For the CEO of a company with a fiduciary board (as opposed to an advisory board), there’s perhaps nothing more complex than developing a healthy, mutually satisfying relationship with the board. I’ve been on numerous boards, worked for a few and observed many management-board relationships up close and personal. Few of them work on the relationship rather than just being in the relationship. This can be catastrophic (whether at home or at work)!

When I was a young CEO, I worked for a board that a private equity firm controlled. This was a turnaround situation, so I had some initial leeway to be brash and demanding, because we had to do some emergency surgery to keep the company alive. I quickly did my best to keep the PE guys at arm’s length and had some success. Luckily I had a wise attorney who pointed out that this may not be a good long-term strategy and that when things turned around I’d have worn out my welcome. Good advice!
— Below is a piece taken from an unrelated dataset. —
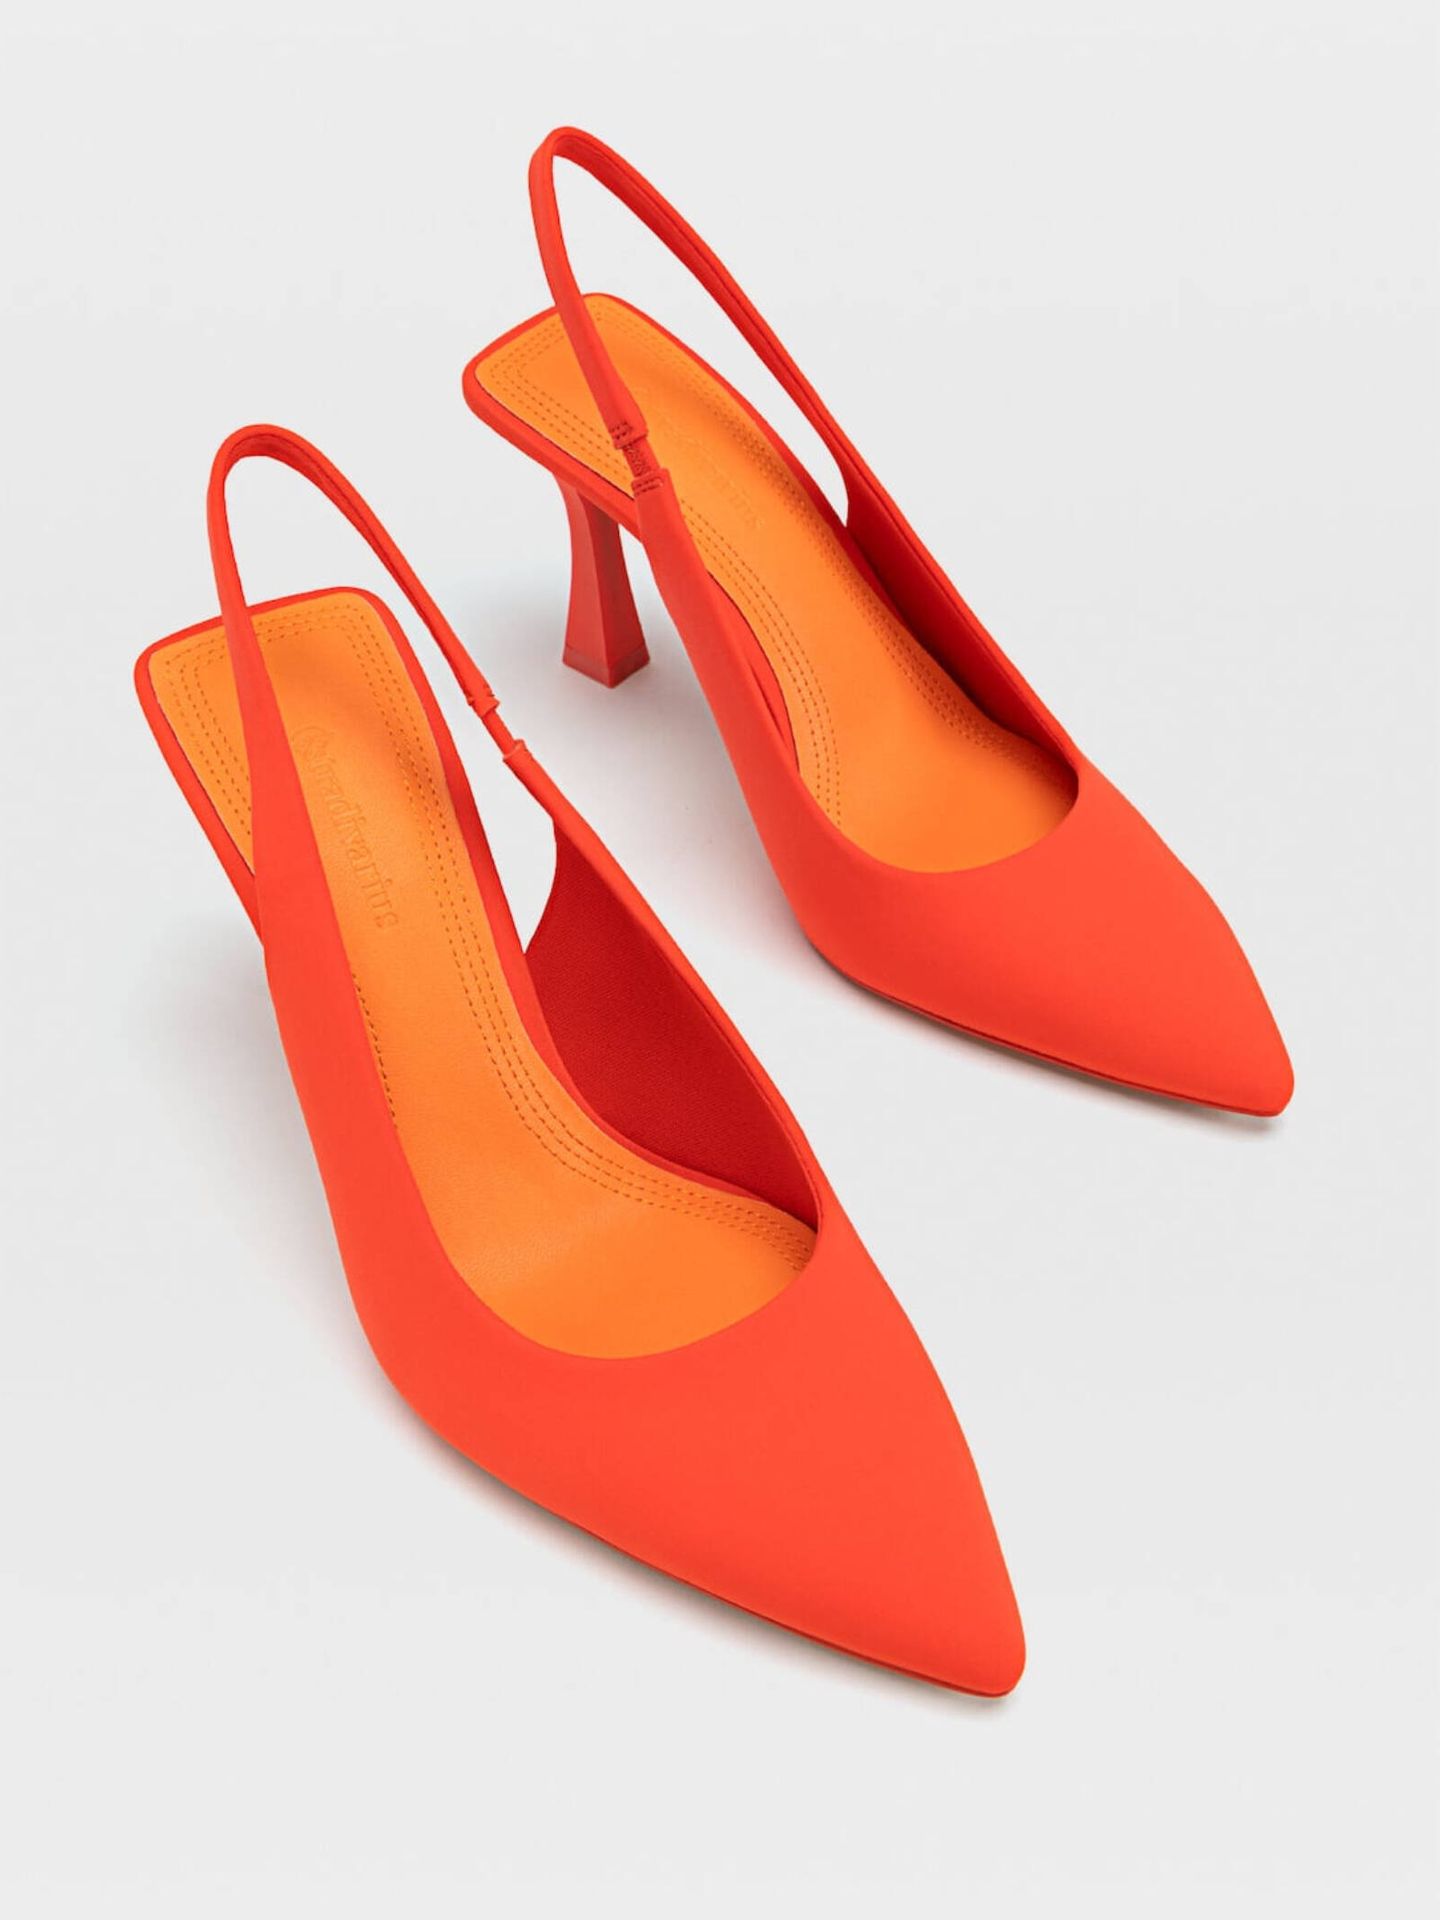 Sandalias de tacón naranjas de Stradivarius. (Cortesía)

My mindset then wasn’t one of partnership. I had a whacky founder and a pedantic small shareholder on the board, and I saw it as a pool of glue that slowed me down.

Since then, I’ve worked with numerous boards and executive teams and observed highly functioning relationships along with some dysfunction. Below are a dozen observations I’ve made of healthy, valuable relationships between the board and CEO. I won’t go through a litany of legal and fiduciary rules; there are plenty of high-priced lawyers to do that. I’m interested in how a CEO can optimize the relationship, which of course requires a talented chairman and willing board.

1. Be a peer. Yes, you report to the board; it controls your compensation, approves your strategy and should monitor your results, but develop a peer-to-peer relationship with the members. A board is a bunch of individuals, and it behooves you to think of them that way in your interaction between the board meetings.

2. Make your expectations clear, and make damn sure you understand theirs. What does a win look like? You may have to ask. Be clear about how you’ll communicate, and drive effective meeting cadence and practices.

3. Demand a performance review or structured feedback.

4. Expect members to spend time understanding the business. Facilitate this by sending them good, balanced information and getting them to educational events.

5. Don’t try to deceive them. Boards, like bankers, hate to be surprised. Establish a “no surprises” policy upfront in your tenure.

6. If you have weak members, carefully lobby for their removal.

7. Make board meetings fun. Board members shouldn’t be bored.

8. Stick to strategic issues (see No. 2). Gain consensus that you won’t spend much time in the weeds, and when you get there, get back on the fairway!

9. Spend as much time and energy with members you don’t like as with those you do.

10. Don’t let board members be prescriptive with your team, but make sure they’re exposed to one another.

11. Learn to simplify, frame and explain complex issues in language that is clear. If the board is confused, you’ll get bad direction from them.

12. Recognize that you sometimes have to fight for what you believe is right.

This relationship is as hard as, or harder than, marriage. If you don’t work on it, it won’t last.